Serious conversations about the conflicting narratives of the past are a necessary condition for sustainable peace. Reconciliation – whether within Assam or with New Delhi – cannot be achieved with a ceasefire agreement, an arms surrender ceremony or a peace accord. It must include changes in the way we understand our own nation or nationality. And that is more than just a matter of ‘inserting a paragraph in a history book; to accept the ignored history of abuse means that one’s national pride must be nuanced, with its points of pride balanced with shame.’
12SANJIB BARUAH
Footnotes:
1. ‘Assam has Lead Role in Look East Effort: PM’, The Hindu, 20 April 2012.

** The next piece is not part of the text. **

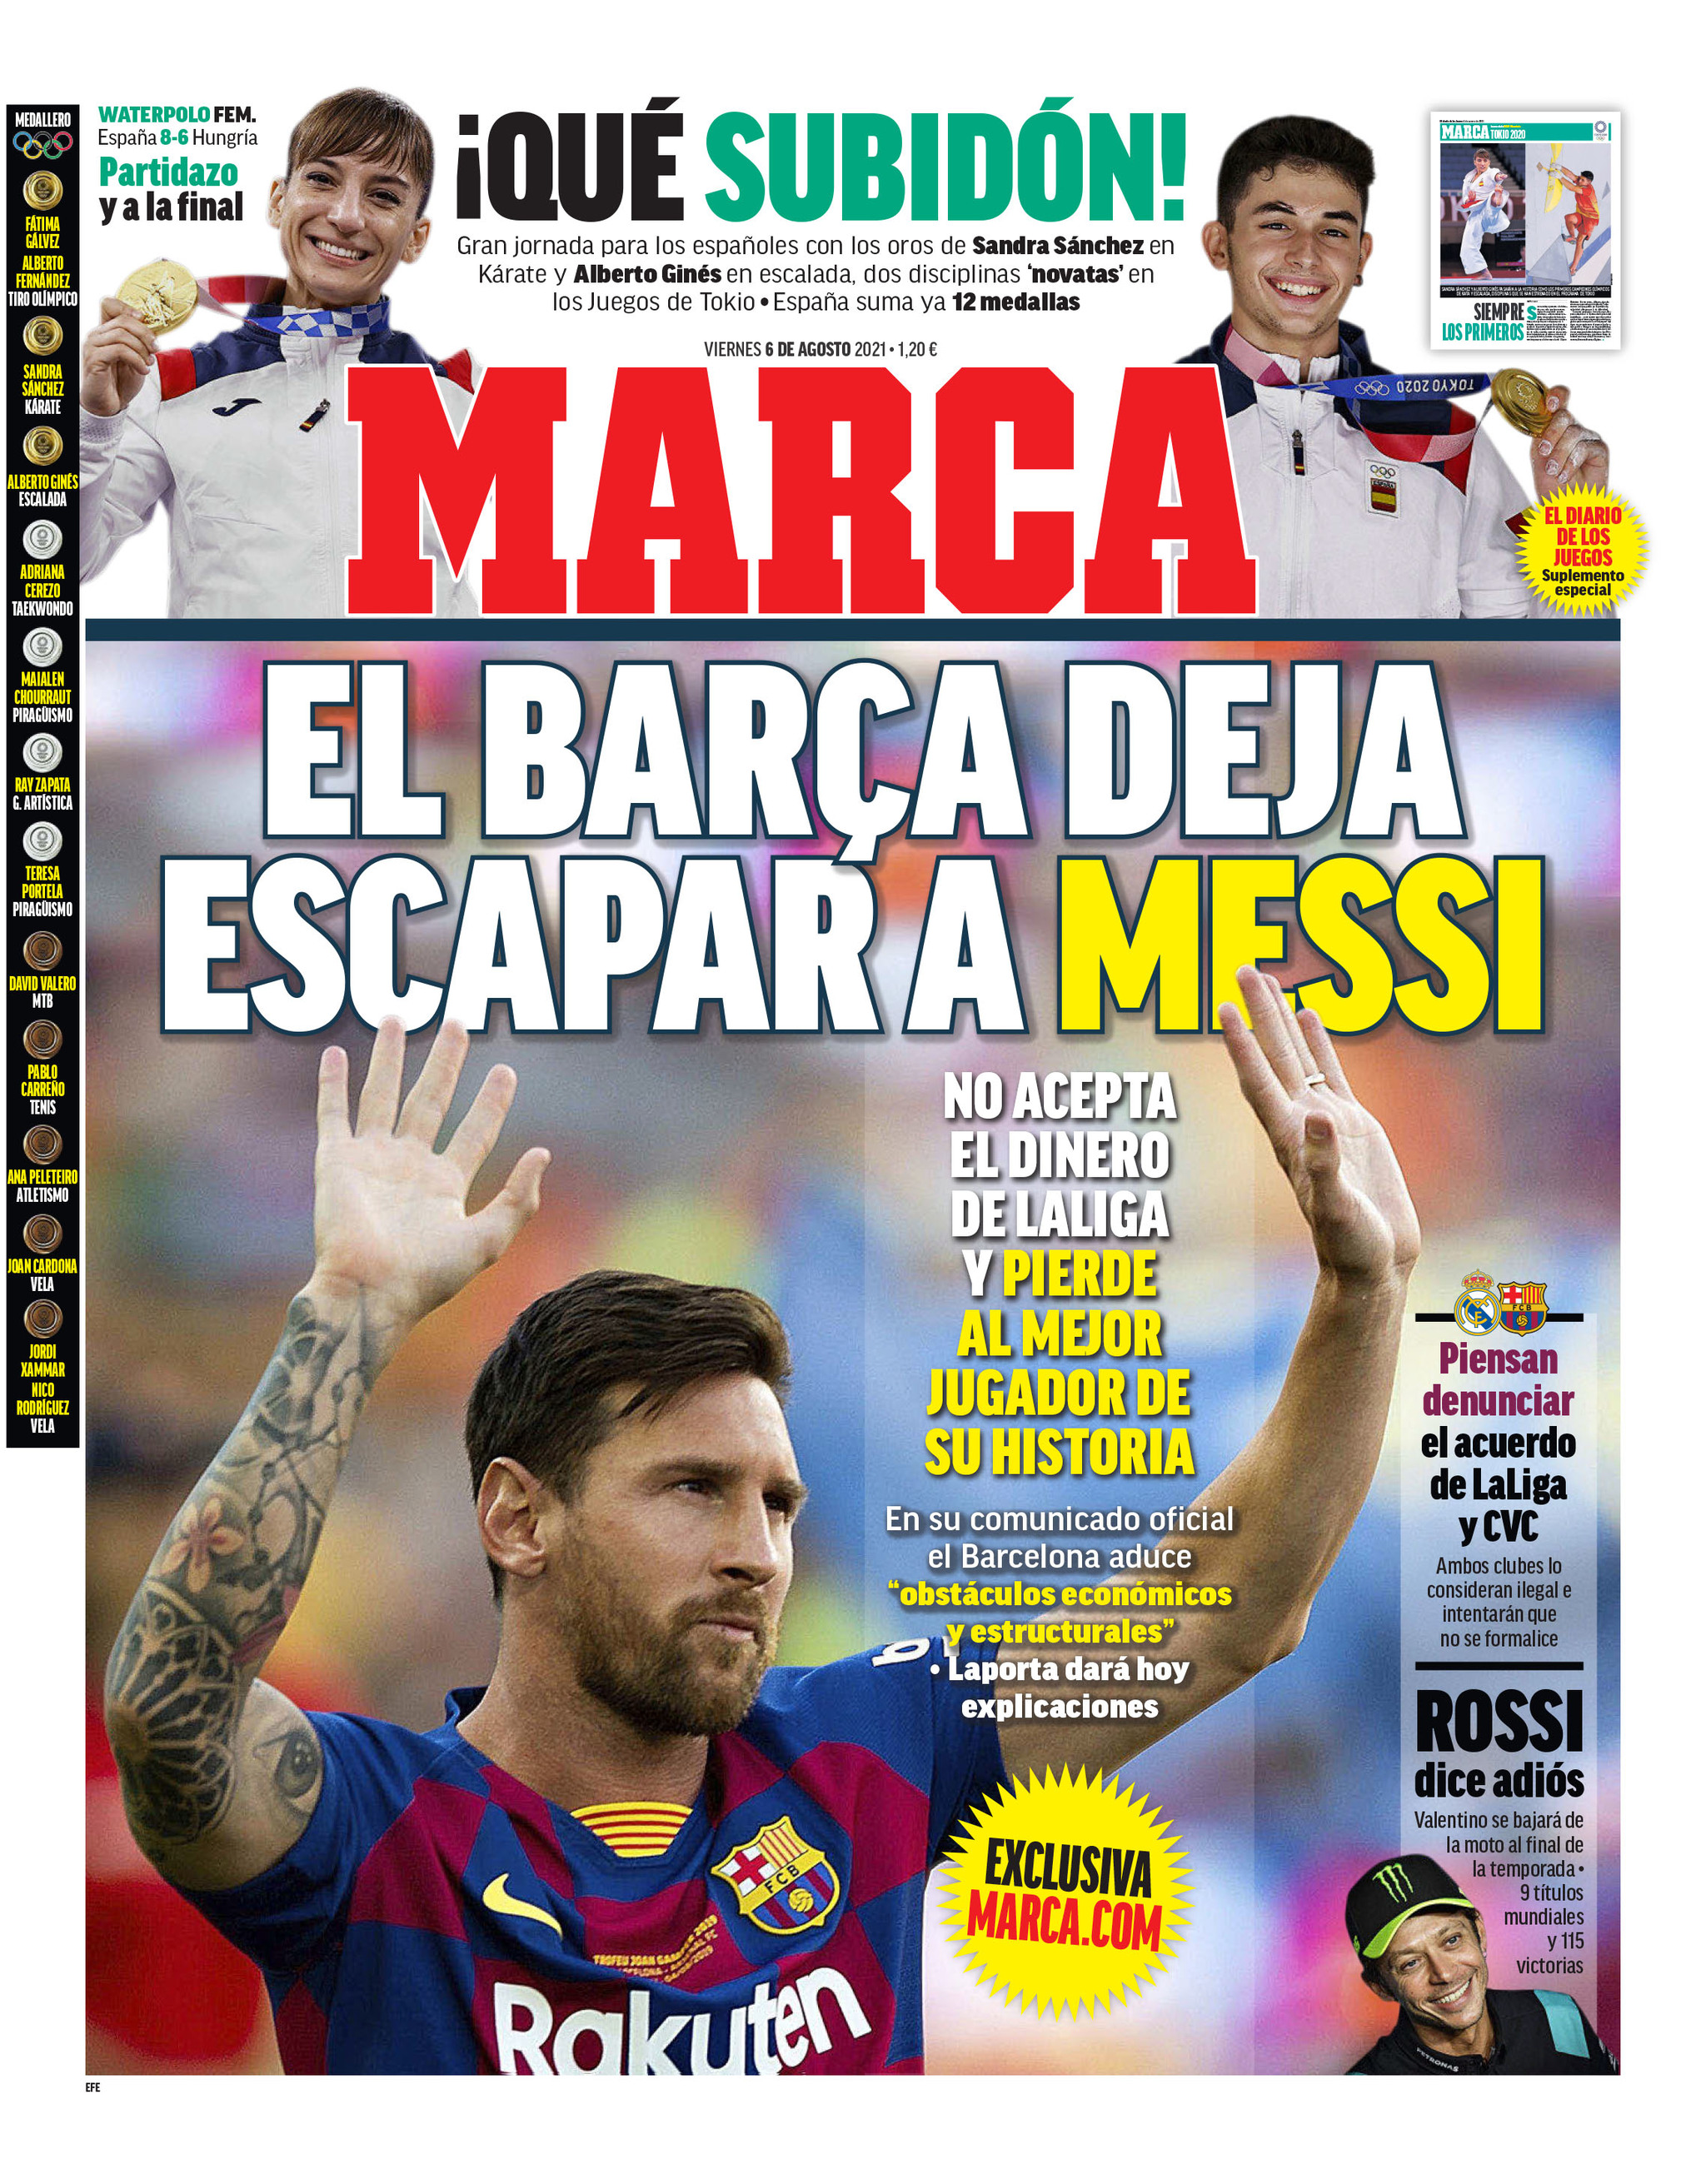 Messi hoy: Messi del Barcelona: Resumen de noticias y reacciones del club tras adiós de La | MARCA Claro Colombia
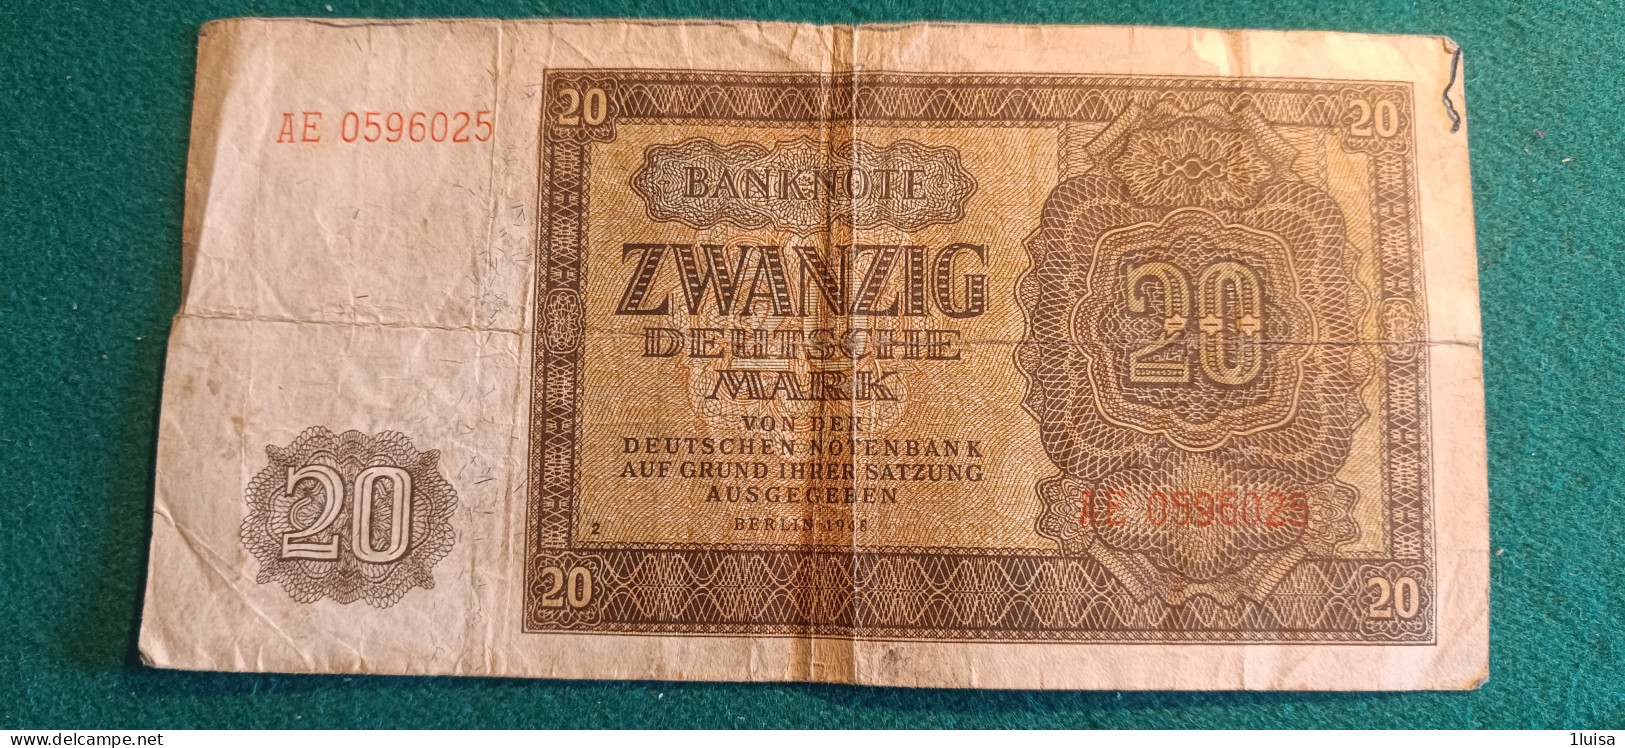 GERMANIA 20 MARK 1948 - 20 Deutsche Mark

2. Giriraj Bhattacharjee, ‘Assam: Witches Brew in BTAD’, South Asia Intelligence Review, South Asia Terrorism Portal, Weekly Assessments and Briefings, volume 11, no. 13, 1 October 2012.
3. Sanjib Baruah, ‘Assam: Don’t Hold Your Breath’, Forbes India, 2 May 2011. http://forbesindia.com/article/special/assam-dont-hold-your-breath/24462/1
4. Nandini Sundar, ‘Interning Insurgent Populations: the Buried Histories of Indian Democracy.’ Paper presented at the Agrarian Studies Colloquium, Yale University, 3 April 2009.
5. Nari Rustomji, Imperilled Frontiers: India’s North-Eastern Borderlands. Oxford University Press, New Delhi, 1983, pp. 31-32.
6. Charles Taylor, ‘The Politics of Recognition’ in Amy Gutman (ed.), Multiculturalism: Examining the Politics of Recognition. Princeton University Press, Princeton, 1994, p. 33.
7. Eviatar Zerubavel cited in Jeff Spinner-Halev, ‘From Historical to Enduring Injustice’, Political Theory 35(5), October 2007, p. 580.
8. Bodhisattva Kar, ‘Welsh’s Fallacy: A Note on the Problematic of Sovereignty in Northeastern India,’ Unpublished paper.
9. Sanghamitra Misra, Becoming a Borderland: The Politics of Space and Identity in Colonial Northeastern India. Routledge, New Delhi, 2011, p. 197.
10. Ibid., p. 166.
11. Jayeeta Sharma, Empire’s Garden: Assam and the Making of India. Duke University Press, Durham, 2011, pp. 9-11, 196.
12. Spinner-Halev op cit., ‘From Historical to Enduring Injustice’, p. 584.